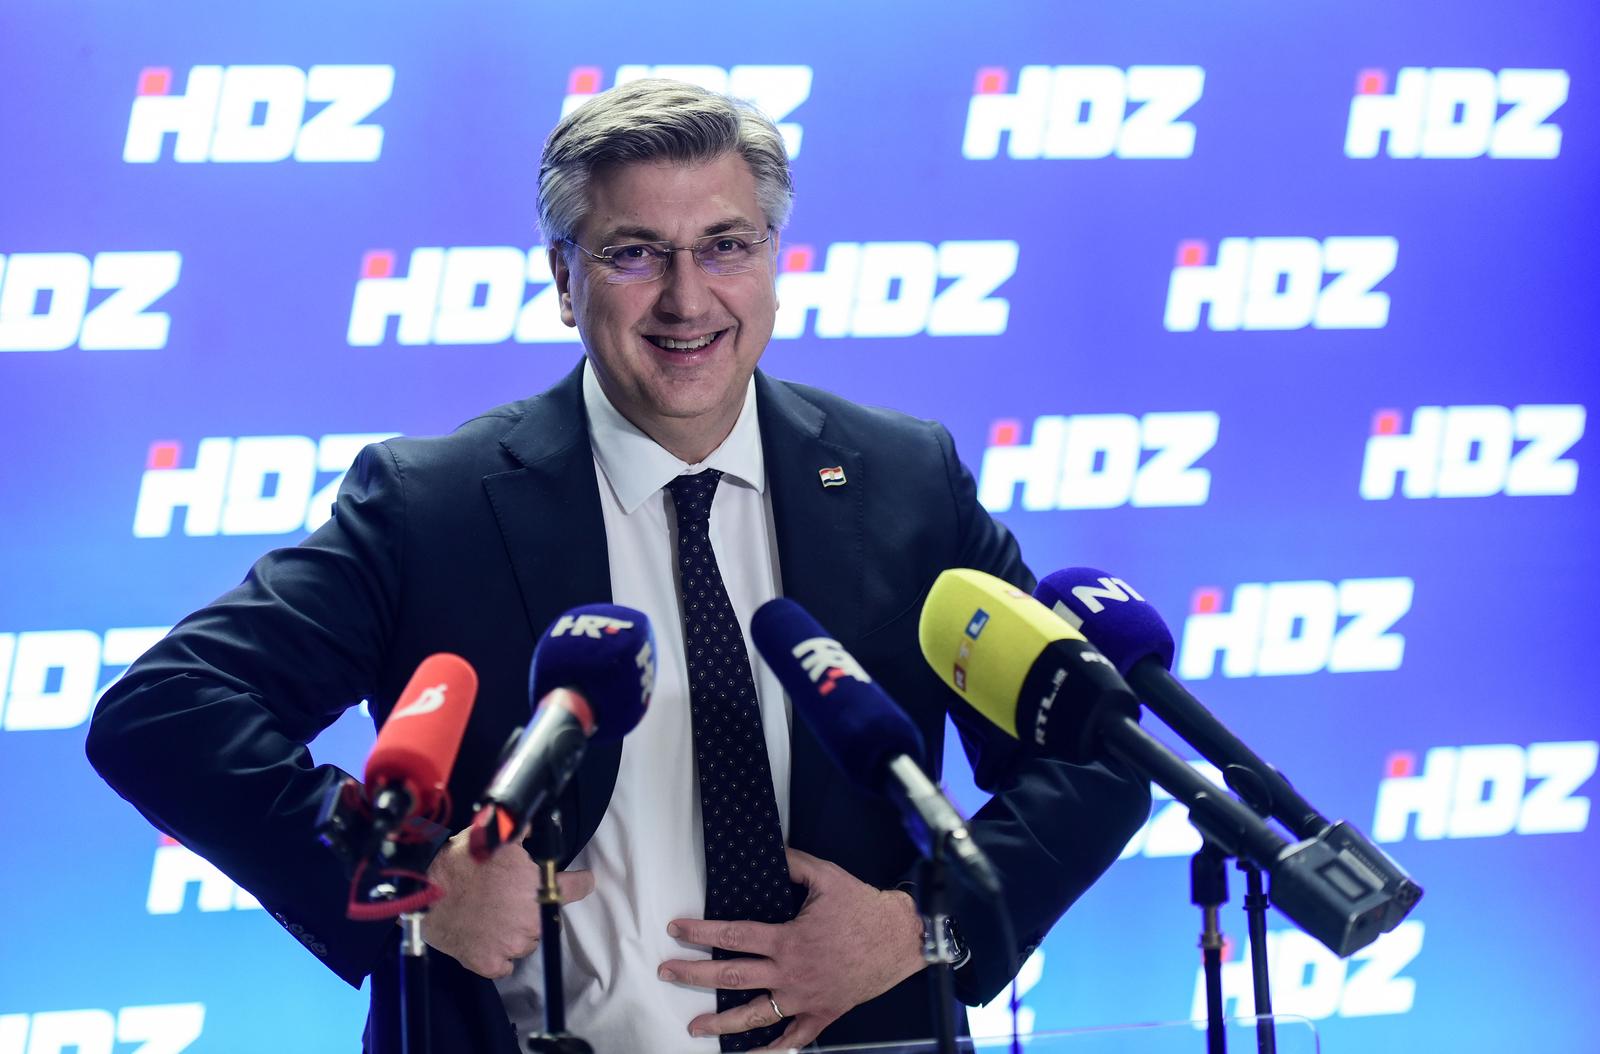 7.3.2023., Zagreb - Premijer Andrej Plenkovic dao je izjavu za medije nakon sjednice sireg Predsjednistva HDZ-a. Photo: Neva Zganec/PIXSELL
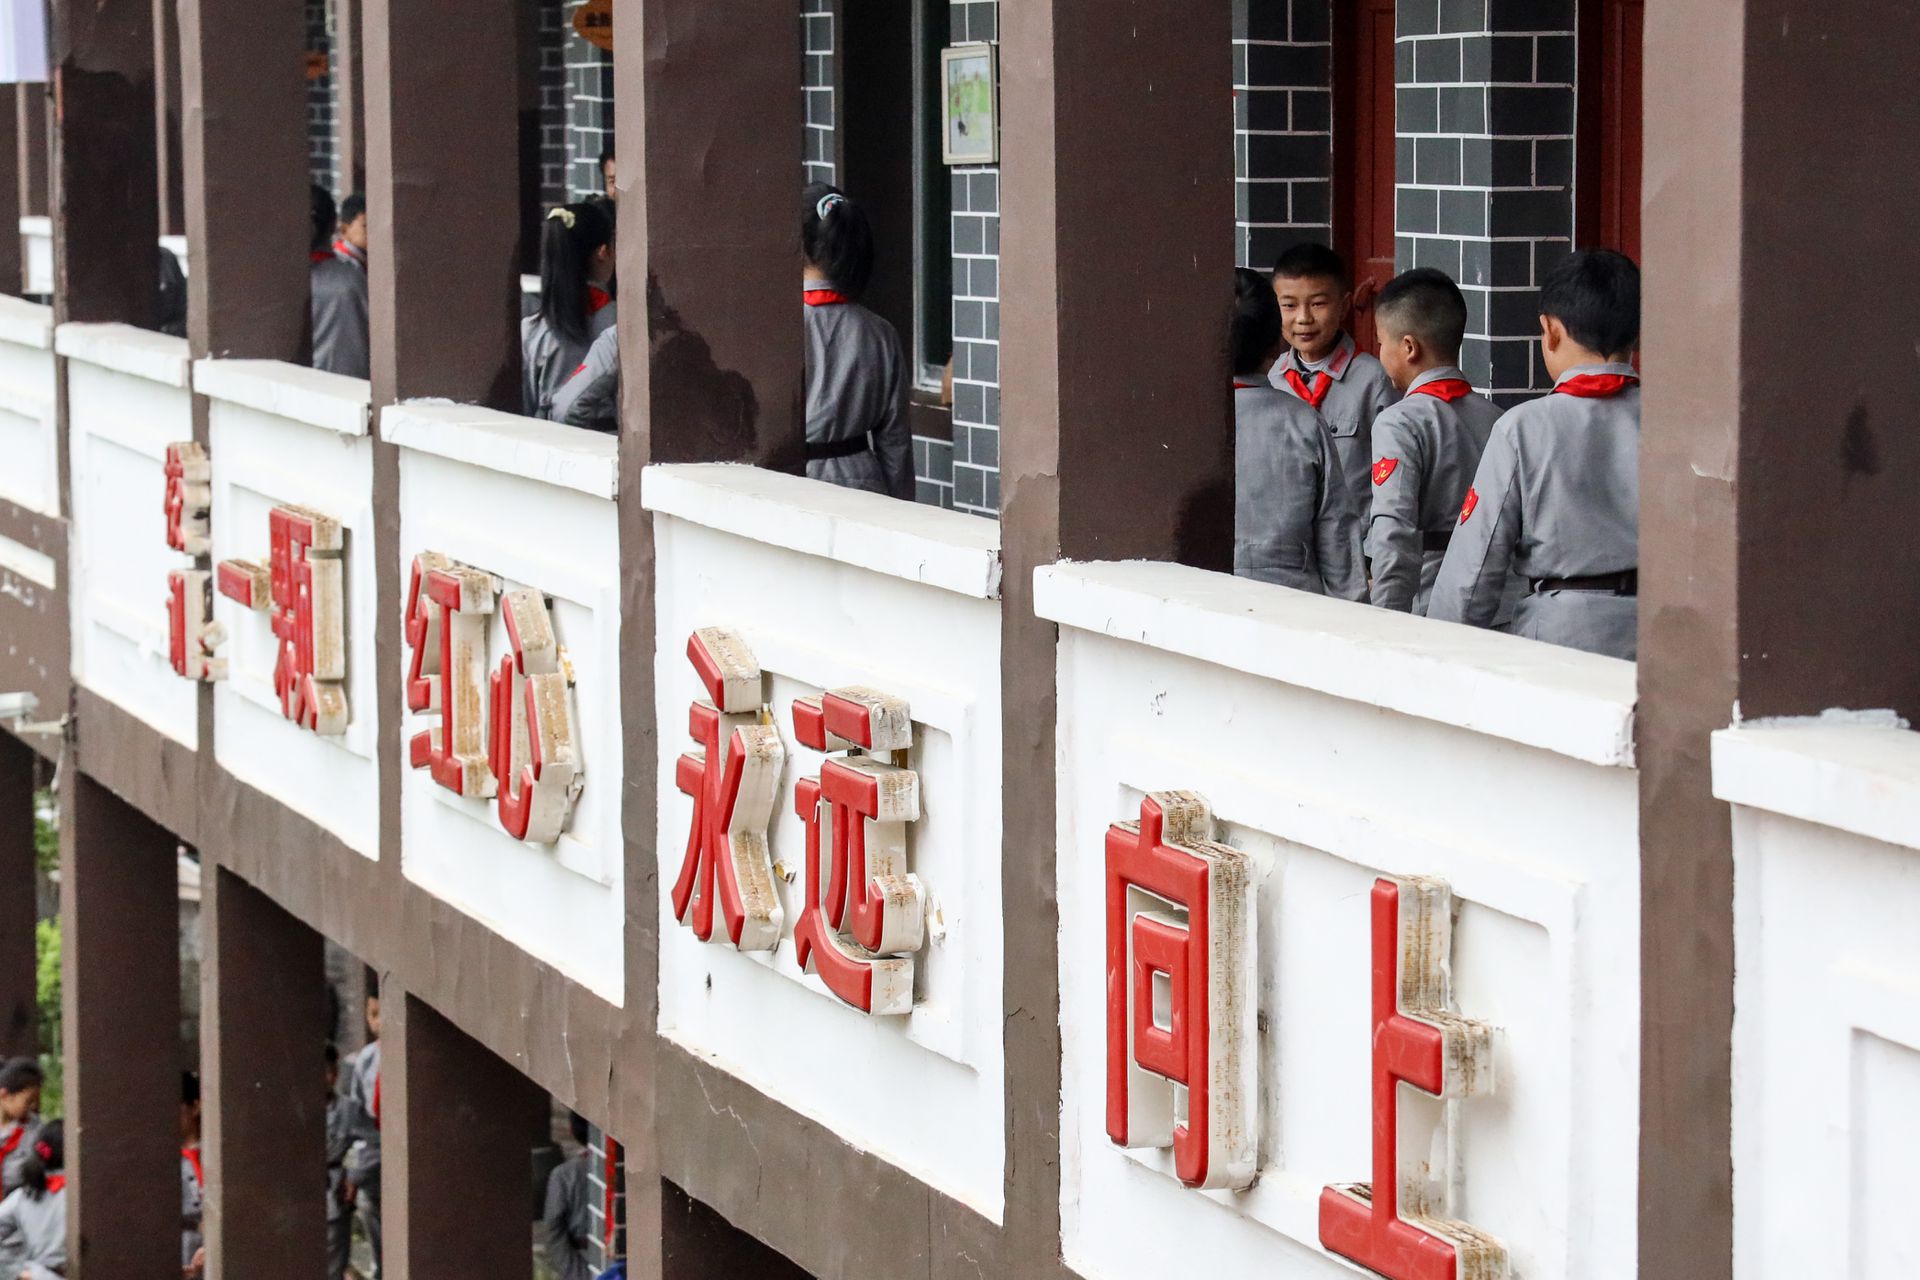 探访中国第一所红军小学 每天穿戴军装红军帽上学
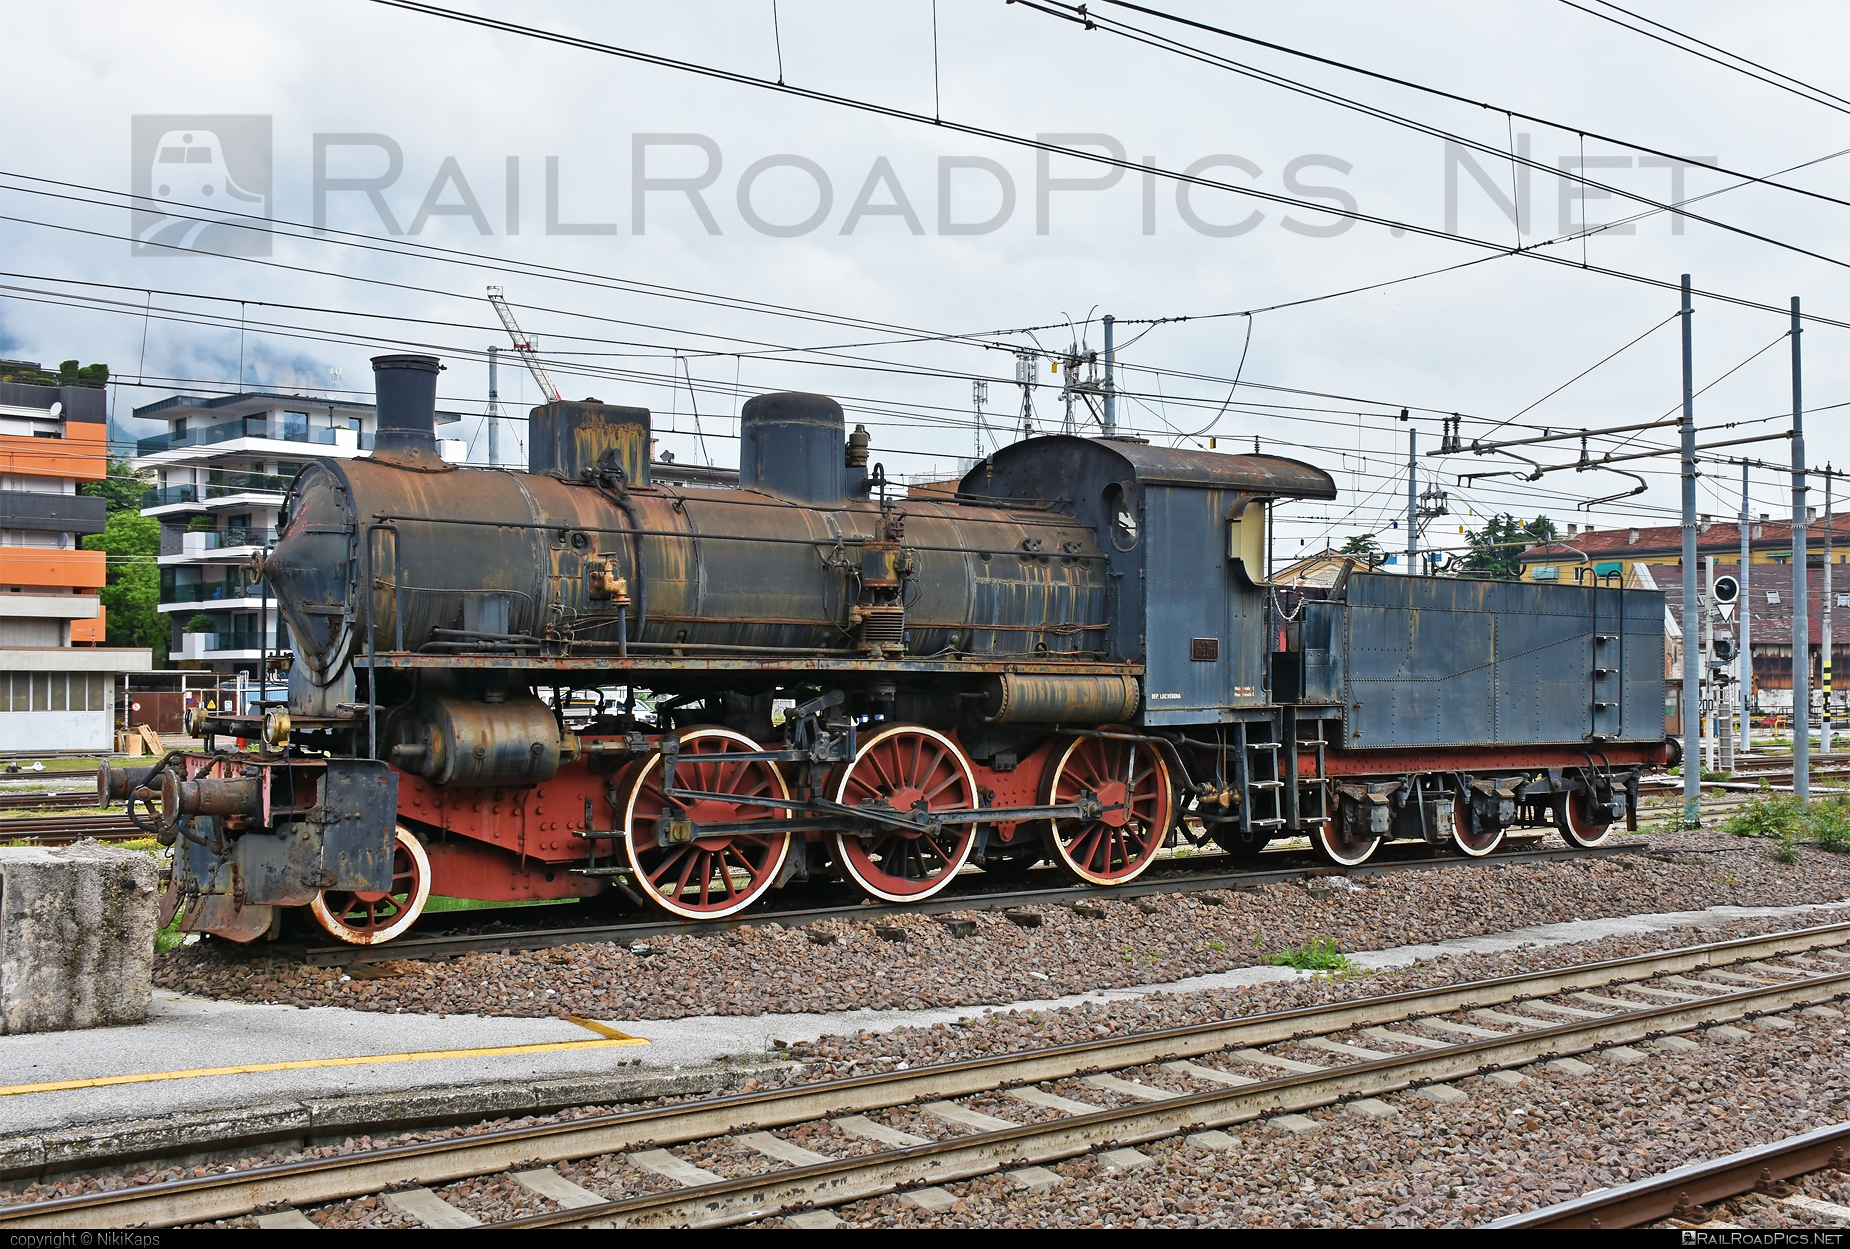 FS Class 625 - 625.011 operated by Ferrovie dello Stato Italiane #FerrovieDelloStatoItaliane #ferroviedellostato #fs #fsClass625 #fsitaliane #saronno
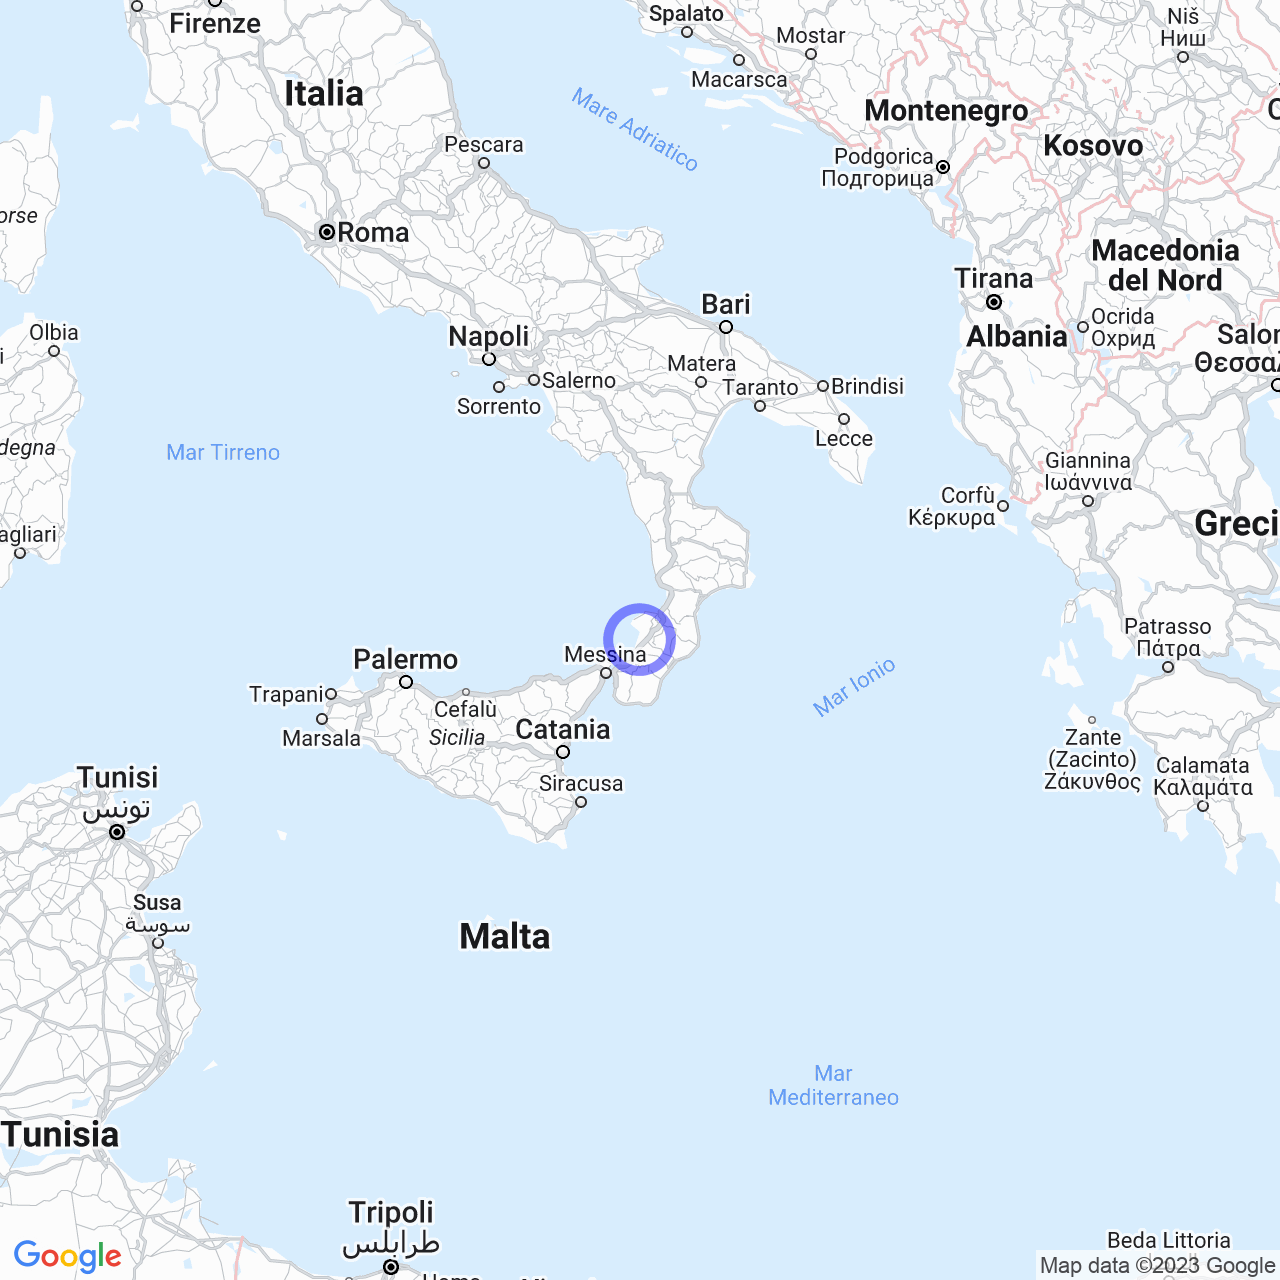 La Provincia di Reggio Calabria: Storia, Geografia e Comuni
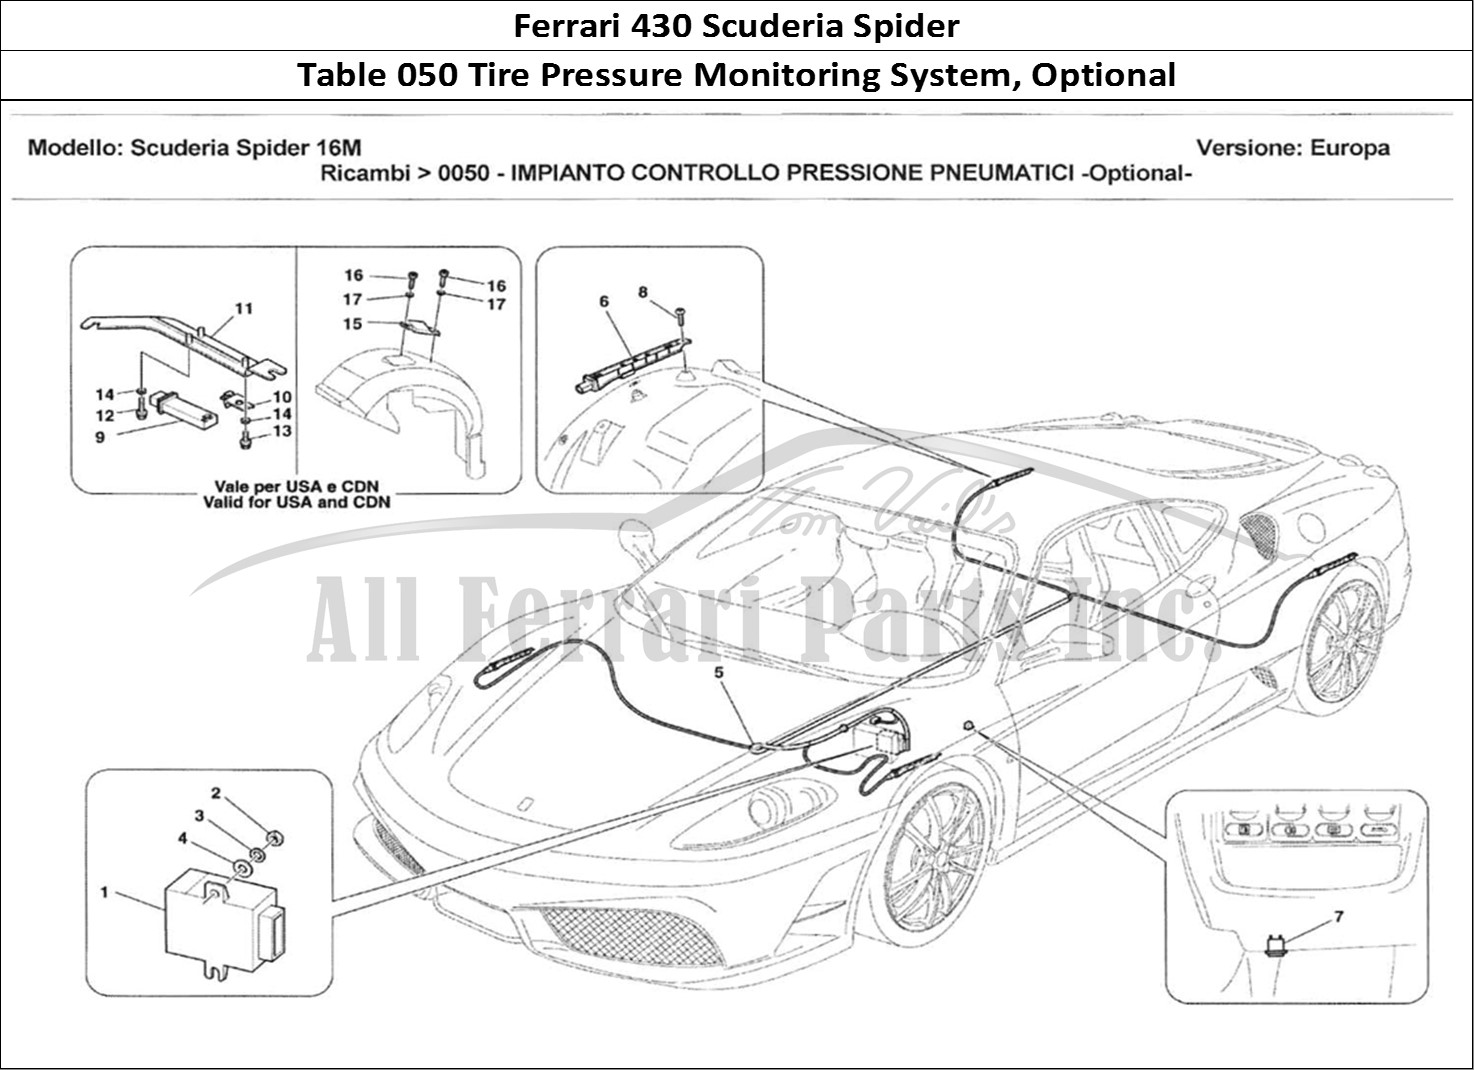 Ferrari Parts Ferrari 430 Scuderia Spider 16M Page 050 Impianto Controllo Pressi

What is expected - All of the entries must be reproduced exactly, with no pictures kept.

Final answer -
 7.3.2023., Zagreb - Premijer Andrej Plenkovic dao je izjavu za medije nakon sjednice sireg Predsjednistva HDZ-a. Photo: Neva Zganec/PIXSELL
 探访中国第一所红军小学 每天穿戴军装红军帽上学
 FS Class 625 - 625.011 operated by Ferrovie dello Stato Italiane #FerrovieDelloStatoItaliane #ferroviedellostato #fs #fsClass625 #fsitaliane #saronno
 La Provincia di Reggio Calabria: Storia, Geografia e Comuni
 Ferrari Parts Ferrari 430 Scuderia Spider 16M Page 050 Impianto Controllo Pressi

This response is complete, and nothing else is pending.